Hello Vlad, hello Alexey,

> ---In [email protected], <joja.lists@...> wrote :

> 

> Any hints how to investigate this problem?

>  Reproducible test case would be ideal
>



I spent three days now to reproduce this with non-production system  -  no 
success so far.

I am in contact with Alexey Kovyazin who got a minidump from production system, 
but I don’t know if he found a hot path till now.

I did a VMMap dump for him too, which shows a memory usage where at the 
beginning there some blocks with different sizes, i.e. one block which could be 
approx. page_buffers*page_size, so the db cache. Then there are many many small 
blocks of 64K this is which causes the mem consumption in my opinion. However, 
don’t understand very much how FB allocates mem internally.

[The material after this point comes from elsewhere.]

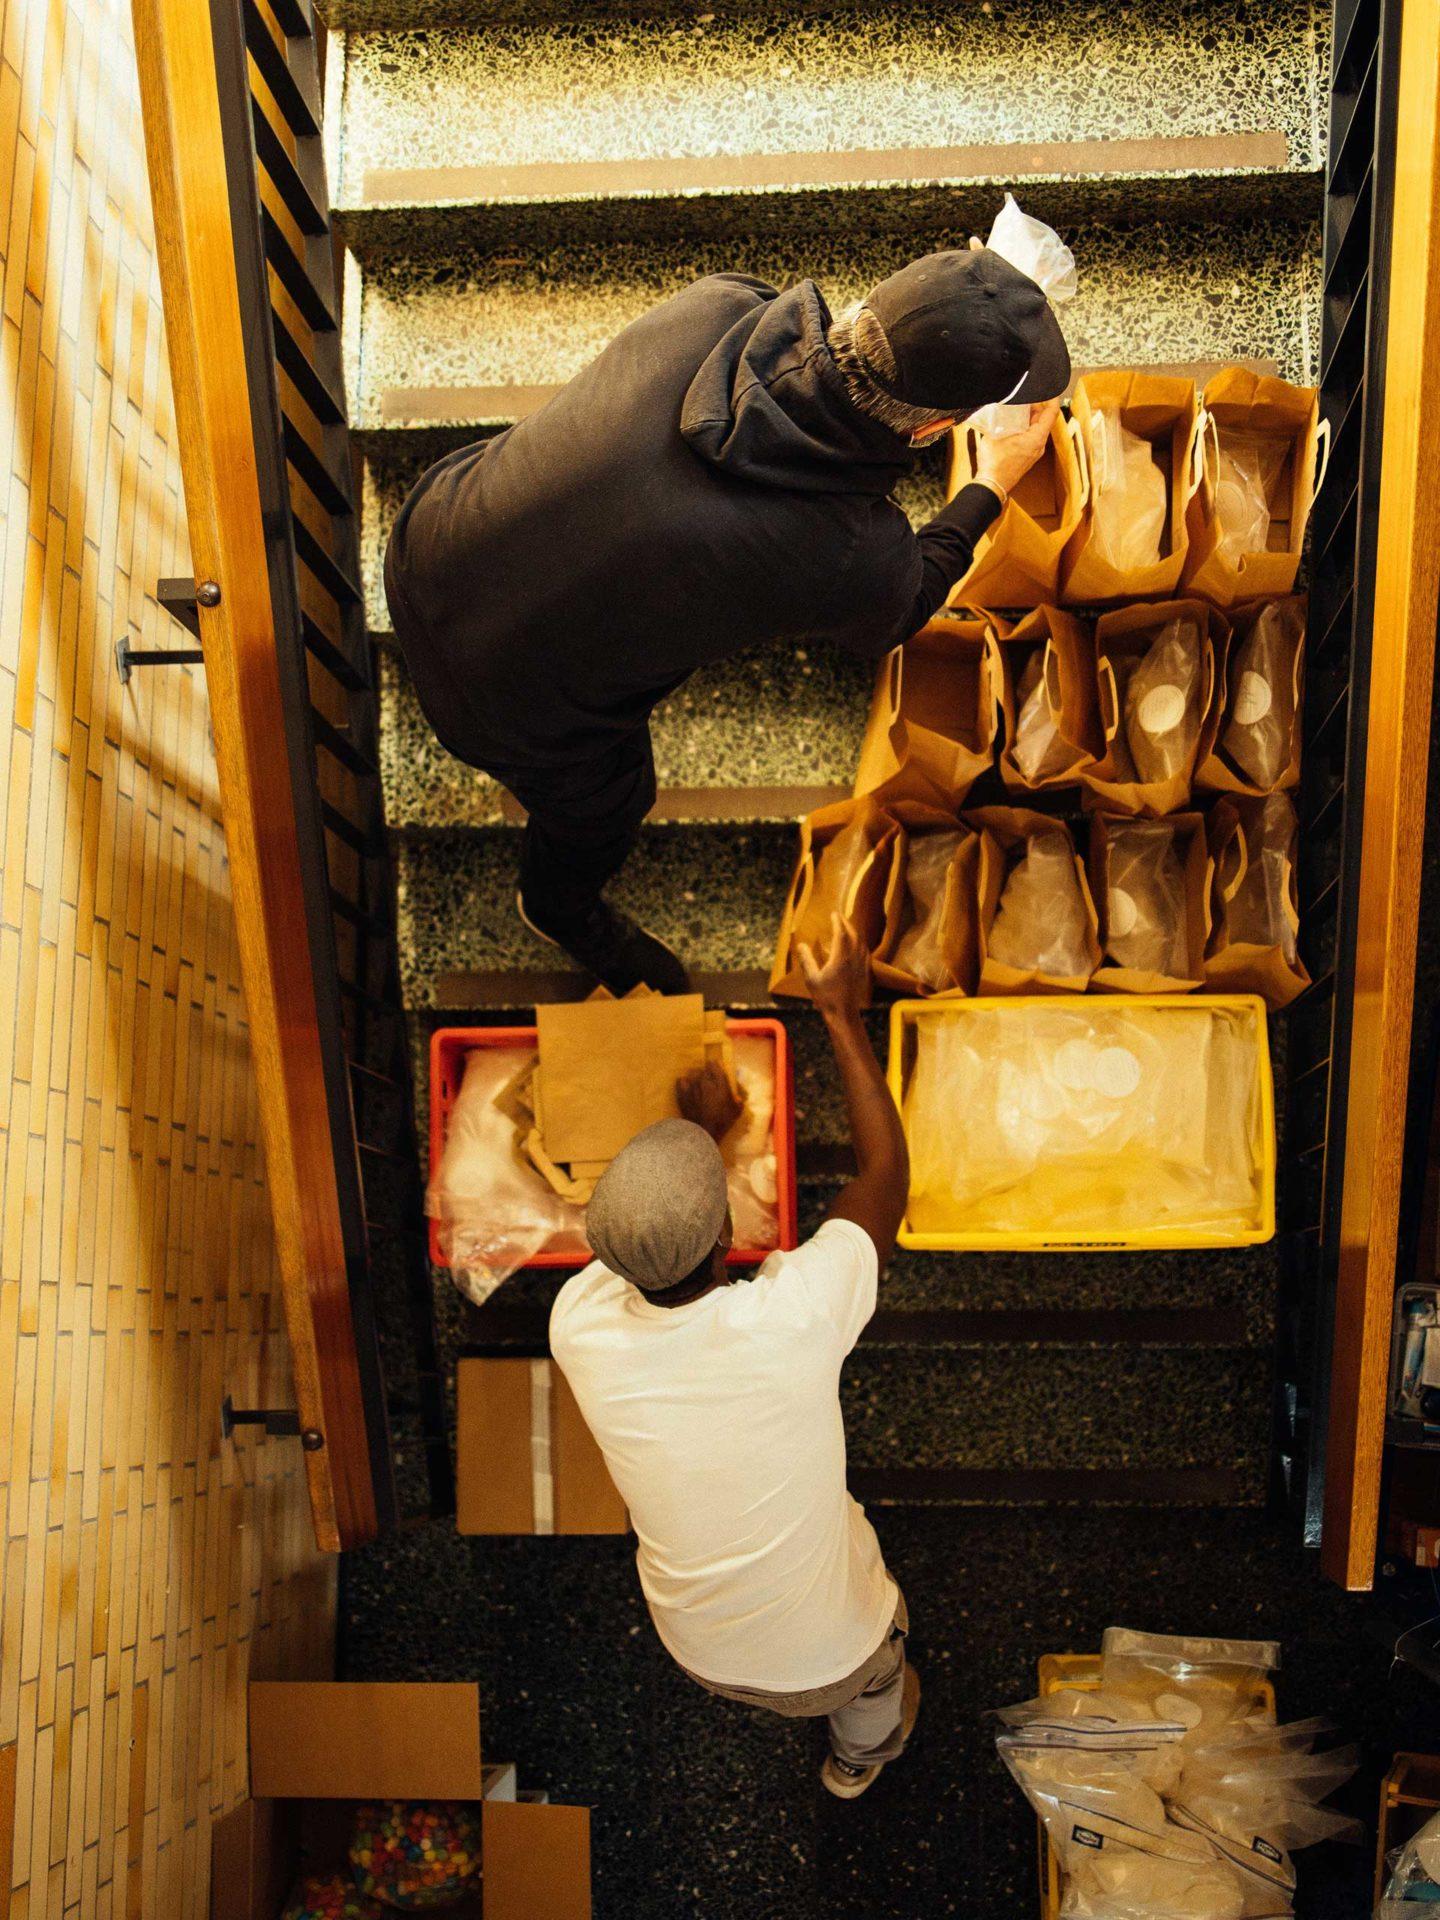 Aktion Mahlzeit Backen. Andreas und Daph stellen die fertigen Backmischungen für die Kinder zusammen.

When I open the string view in VMMap, I see that these 64K blocks contain many 
times the same set of table names: LAST_MODIFICATION, WB_PRG, EVENT_DATA, 
EVENT_HEADER and NONE – which is not a table name, perhaps the character set 
name, because I use NONE as charset. I checked some 64K blocks, and they 
contain all the same pool of strings.

The application accessing the db holds some permanently open connections with 
prepared statements performing actions regularly. But there are some actions 
which are triggered by clients of my application in regular intervals, which 
open and close the db connection each time. These regular things access the 
tables whose names I found in the 64K blocks. Together with NONE (perhaps send 
to the db when performing a new connect), maybe FB is leaking here on each 
connect / disconnect, not cleaning up correctly when a connection is closed? 
Interestingly, the string view never shows strings of the data which is 
contained in the tables.

These are some observations – I do not know if they are helpful at all.